まずは日常の当たり前のことに、できるだけ目を向けましょう。

朝。目玉焼きにかけるしょう油かソース、好きな方を選べるのはなぜか。

昼。子どもたちを安心して家庭に任せ、仕事に集中できるのはなぜか。

夜。キレイでふわふわお布団にくるまって眠れるのはなぜか。

すべて妻であり母親でもある、あなたのパートナーのおかげですよね。

そしてその事実に感謝する心を持つのです。

このあたりは主夫の人にも共感いただけるんではないでしょうか。

ただここで、注意点をひとつ。

夫としての責任感をもつあまり、これらひとつひとつ理解して自らやらなきゃと思う必要はありません。
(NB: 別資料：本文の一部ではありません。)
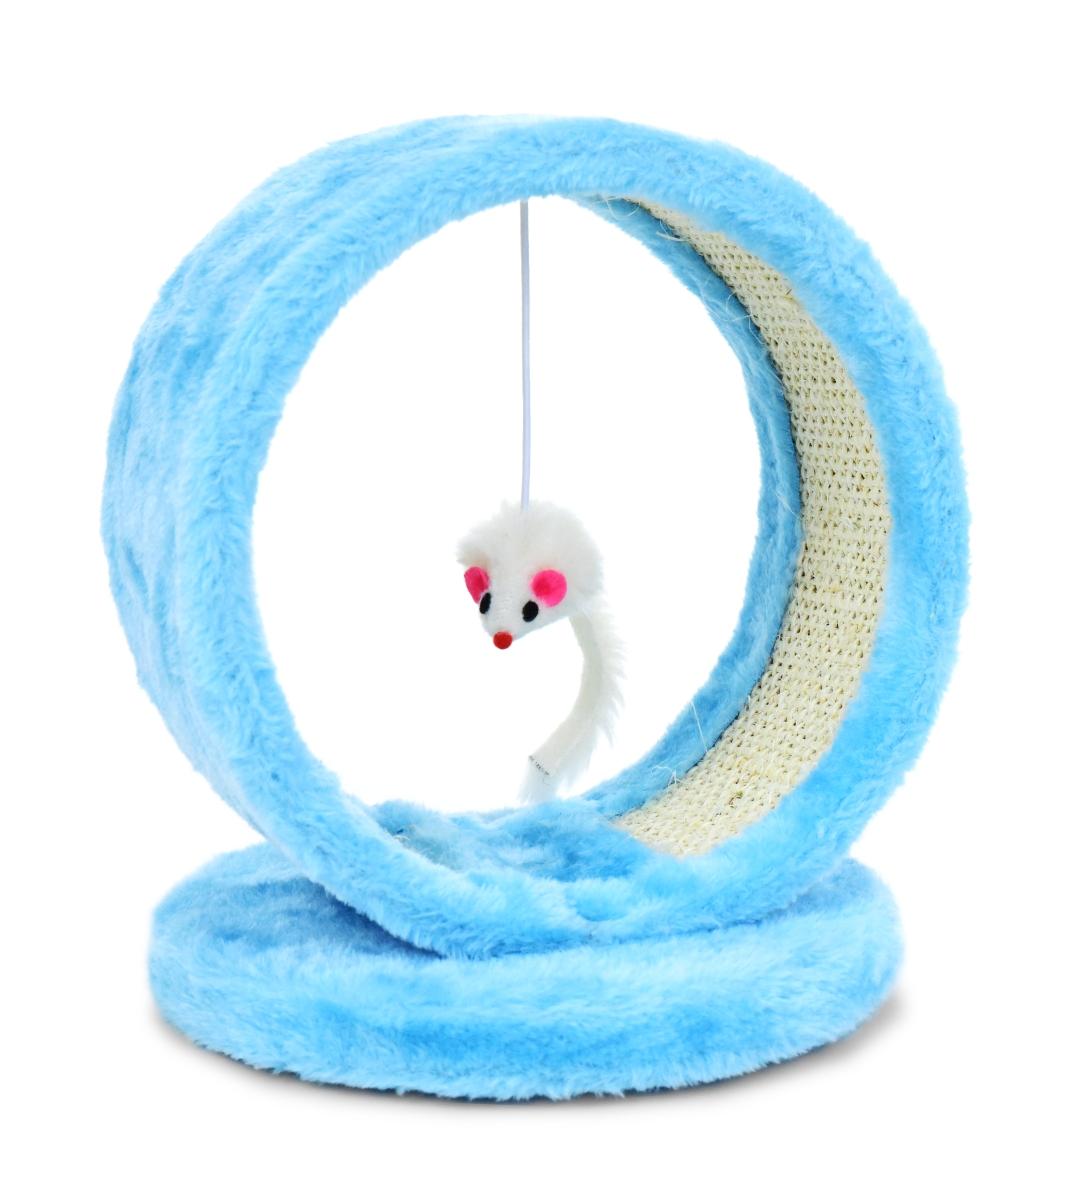 Kočičí škrabadlo uvnitř s hračkou ve tvaru myšky
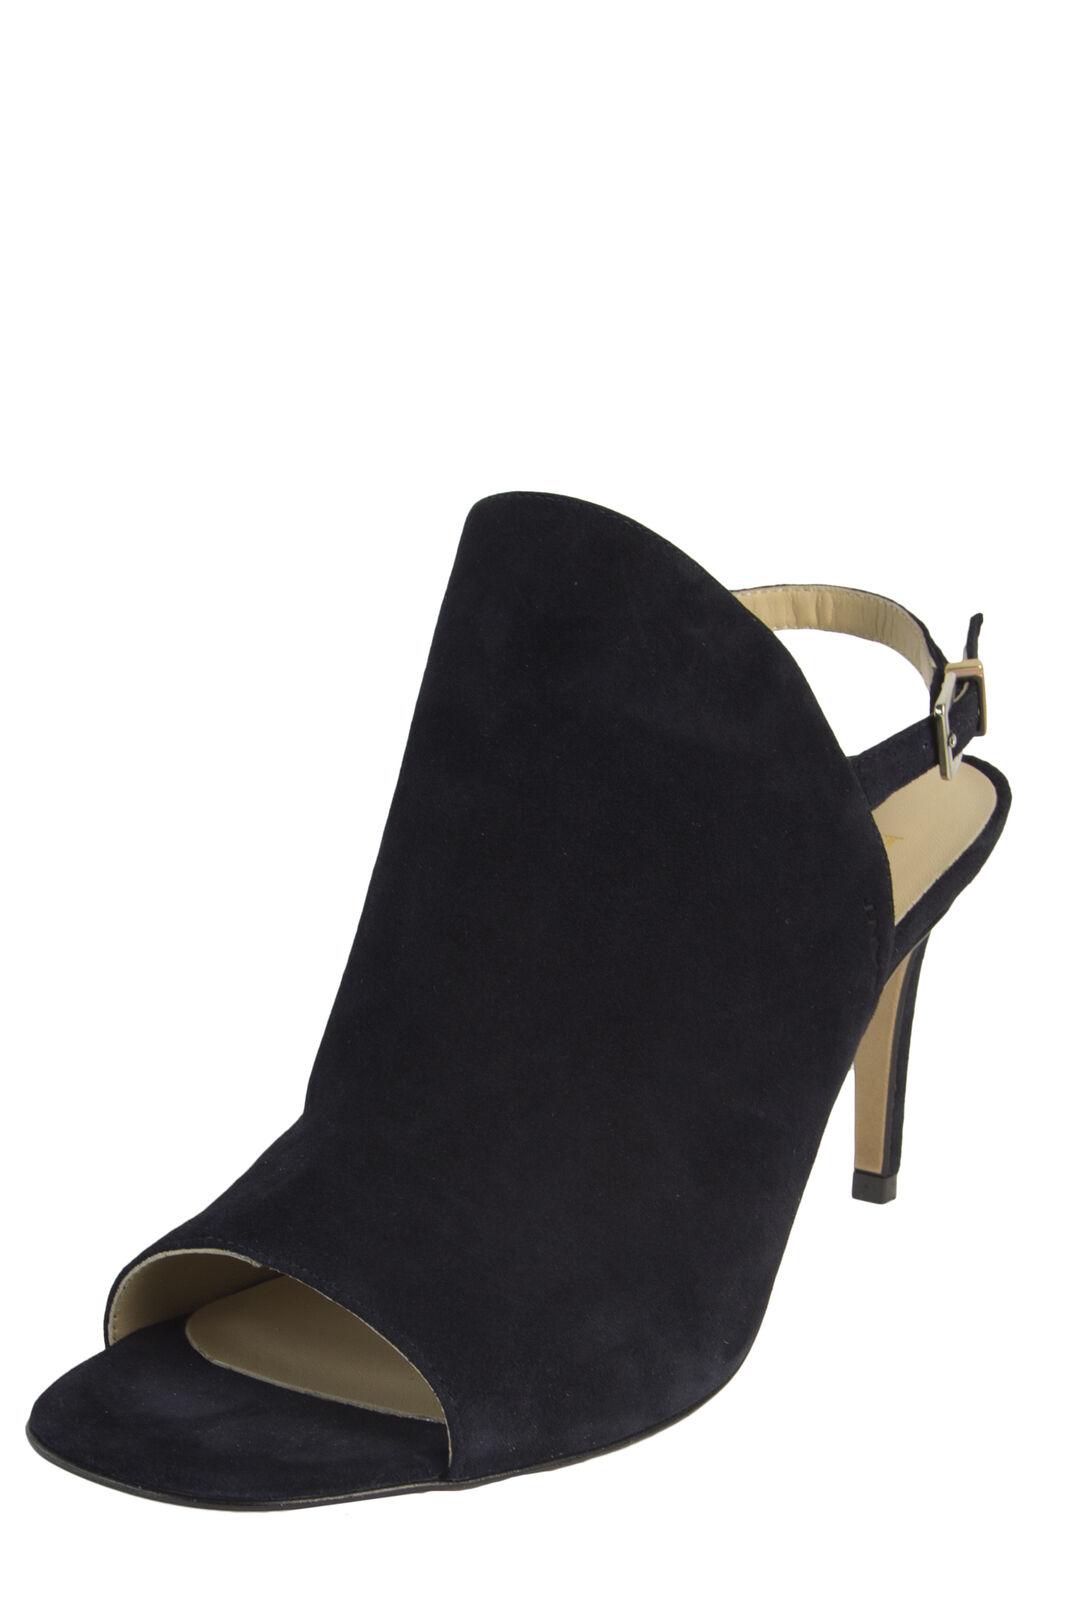 GANT Donna Donna Donna  Dark Navy Elisabeth Heeled Sandals 10563595  295 NWT 9c11df

おそらくやろうとしても、まちがいなくほぼ失敗に終わりますから。

だって毎日家事に身を置いていない夫は、そもそも気づけないんですから。

だからとにかく感謝して、それは妻のおかげだと言葉に出して伝えるのです。

それだけで「名もなき家事」問題は解決します。

私もこの点については、いつも気をつけて妻に伝えるようにしています。

「切れてたしょう油、補充してくれてありがとな」

「子どもたちが元気に育ってるのはキミのおかげやわ」

「布団干すのは大変やんな、お疲れさん」

時にはわざとらしくなることもありますが(笑)

そのおかげか、私ども夫婦間ではケンカひとつありません。

そもそもいたわり、ねぎらうって人間関係の基本ですもんね。

やって悪いことはありません。

まず妻の気持ちに寄り添うことが大切。

事実を肯定するときも否定するときも、その前に、妻の心根は肯定してやる。これこそ夫が知っておくべき「黄金のルール」である。

(本文より)

これも思い返せば「たしかにそうだよな~」と妙に納得できてしまいます。

たとえば妻が、子どもの洋服選びで悩んでいたとき。

一方の服はデザインがとても気に入っててかわいいんだけど、もう一方はデザインが今ひとつでも値段はかなり安い。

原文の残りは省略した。